The morning after Mr. Trump’s comments about “taking” Cuba earlier this week, Dmitry Peskov, a Kremlin spokesman, told reporters that Russia was in close contact with Cuba about its energy crisis and was “ready to provide all possible assistance.” Cuba, he added, is “an independent sovereign state that faces major economic difficulties due to the suffocating embargo imposed on the country.”

Russia’s help would be a massive succour to a desperate Cuba. The country’s entire electricity grid collapsed this week, leaving about 10 million people without power. Although the government managed to partially restore supply to parts of Havana, the consequences have been disastrous for ordinary Cubans. A report from the ground in Havana by The Guardian indicated that there are few cars on the roads, most airlines serving the island have suspended flights, the Canadian company Sherritt International has shuttered nickel mining operations in Cuba, state offices have closed, and schools have partly suspended classes.
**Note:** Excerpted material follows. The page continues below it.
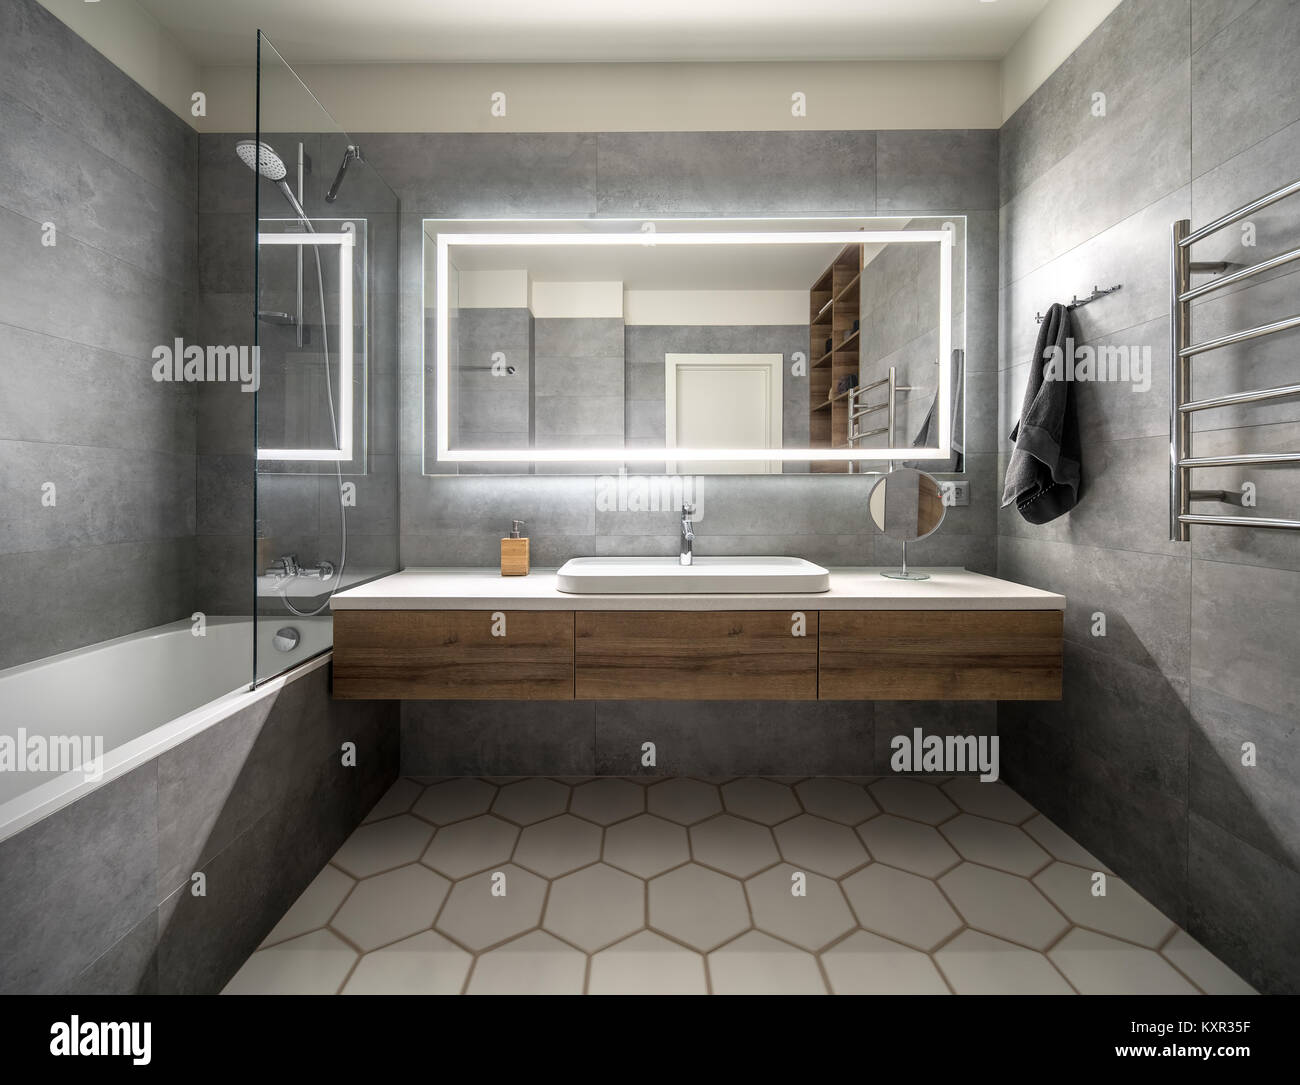 Badezimmer in einem modernen Stil mit grauen und weißen Fliesen. Es gibt einen großen Spiegel mit leuchtenden Lampen, Tischplatte mit holzschubkästen und Waschbecken, Badewanne mit sh Stockfoto

Many, the newspaper reported, are struggling with spoiled food, stifling heat, and sleepless children.

Cuba’s dependence on oil is structural: it accounts for 83% of total power generation, while oil products make up 56% of total energy consumption by industry, transport, agriculture, and households. For a country that imports roughly 80% of its food, prolonged blackouts are catastrophic as they interrupt refrigeration vital for preserving perishables. The archaic power network has been partially collapsing regularly since October 2024, with three national grid failures in the past four months alone.

None of this has deterred the Trump administration which continues to pursue criminally illegal actions. On January 29, Mr. Trump signed an executive order threatening punitive tariffs on any country selling oil to Cuba. This week, he went further, explicitly threatening to “take” the island. Cuba’s fuel supplies had been highly dependent on Venezuelan oil under the oil-for-doctors scheme instituted by Hugo Chavez. In 2022, Venezuela supplied 75% of Cuba’s oil imports; by 2023, this had dropped to 58% as Mexico emerged as a key supplier with 31%. Venezuela’s supply fell from 46,500 barrels per day in December 2025 to zero following Nicolas Maduro’s abduction in early January. After the January 29 order, Mexico also halted shipments.

Six decades of coercion

The current crisis is also the culmination of six decades of U.S. economic coercion. What Cubans call the “blockade” began in 1962 following the Cuban Revolution and nationalisation of industries. The embargo was reinforced in 1992 by the Torricelli Act, which prohibited foreign subsidiaries of U.S. firms from trading with Cuba and barred ships that had docked in Cuba from entering U.S. ports for 180 days. The 1996 Helms-Burton Act codified the embargo into law, extended sanctions to foreign companies doing business in Cuba, and allowed U.S. citizens to sue foreign investors using confiscated American property. The first Trump administration redesignated Cuba as a “State Sponsor of Terrorism” in January 2021, days before leaving office, deepening its financial exclusion from world trade. Cuban authorities have documented over 1,000 instances of foreign banks refusing services between 2021 and 2024.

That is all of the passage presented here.